## What to do
All of the listing should be output exactly, apart from the pictures.

## Recorded information
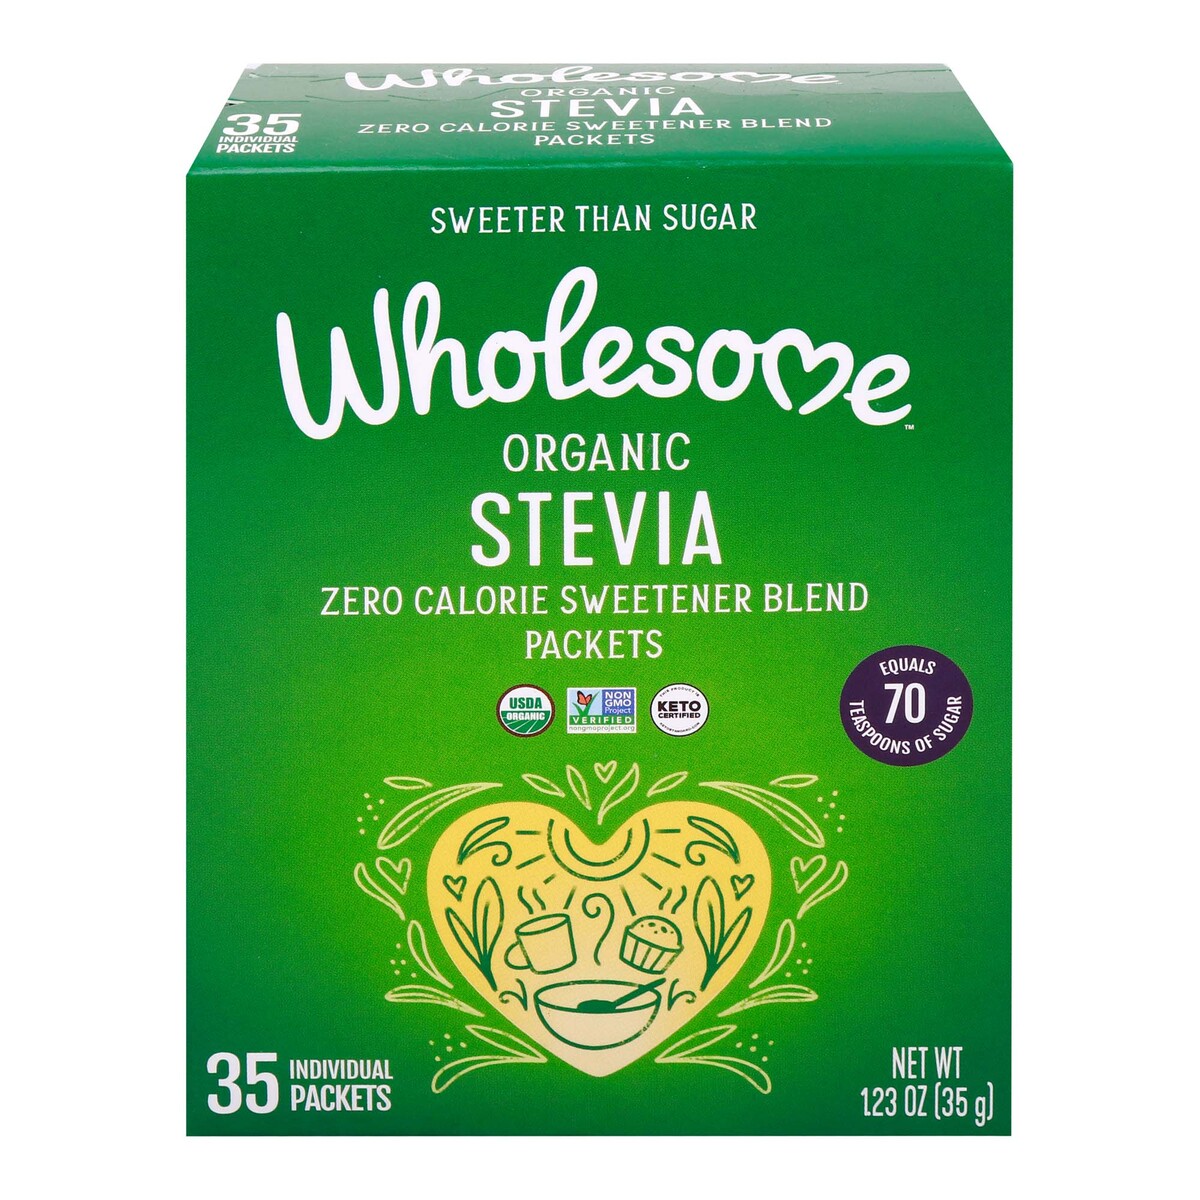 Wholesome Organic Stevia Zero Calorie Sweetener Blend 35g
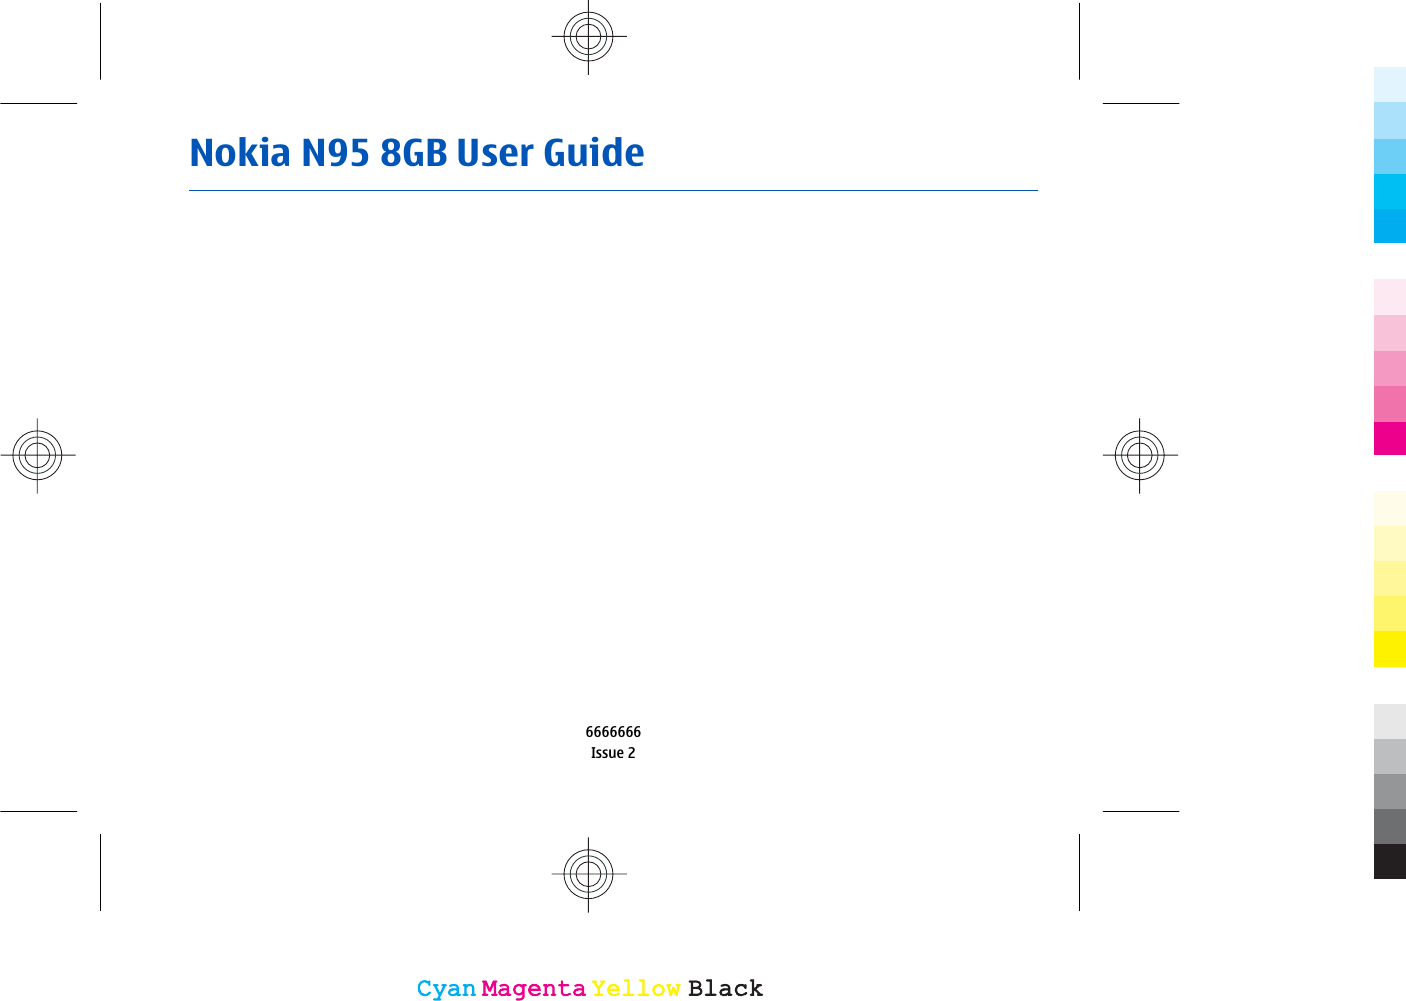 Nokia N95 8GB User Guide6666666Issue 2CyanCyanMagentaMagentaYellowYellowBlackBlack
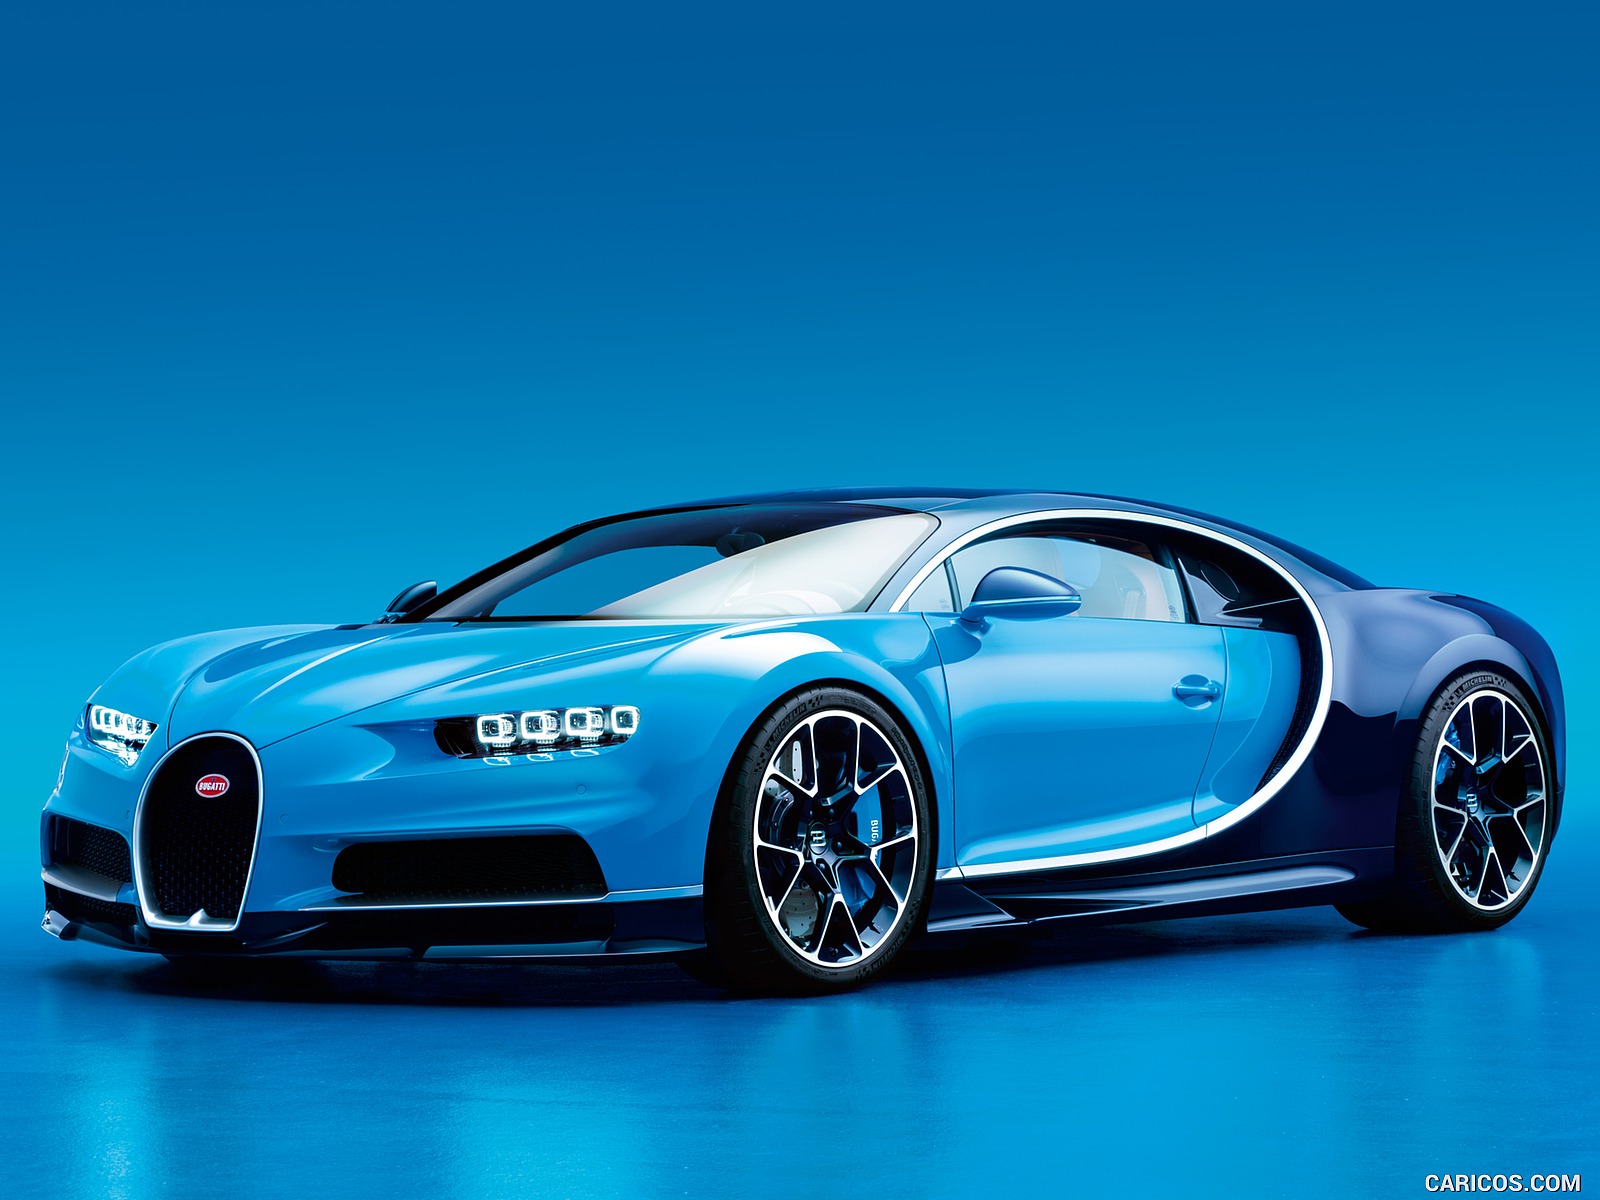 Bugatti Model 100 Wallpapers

## Problem solution
 Wholesome Organic Stevia Zero Calorie Sweetener Blend 35g
 Nokia N95 8GB User Guide6666666Issue 2CyanCyanMagentaMagentaYellowYellowBlackBlack
 Bugatti Model 100 Wallpapers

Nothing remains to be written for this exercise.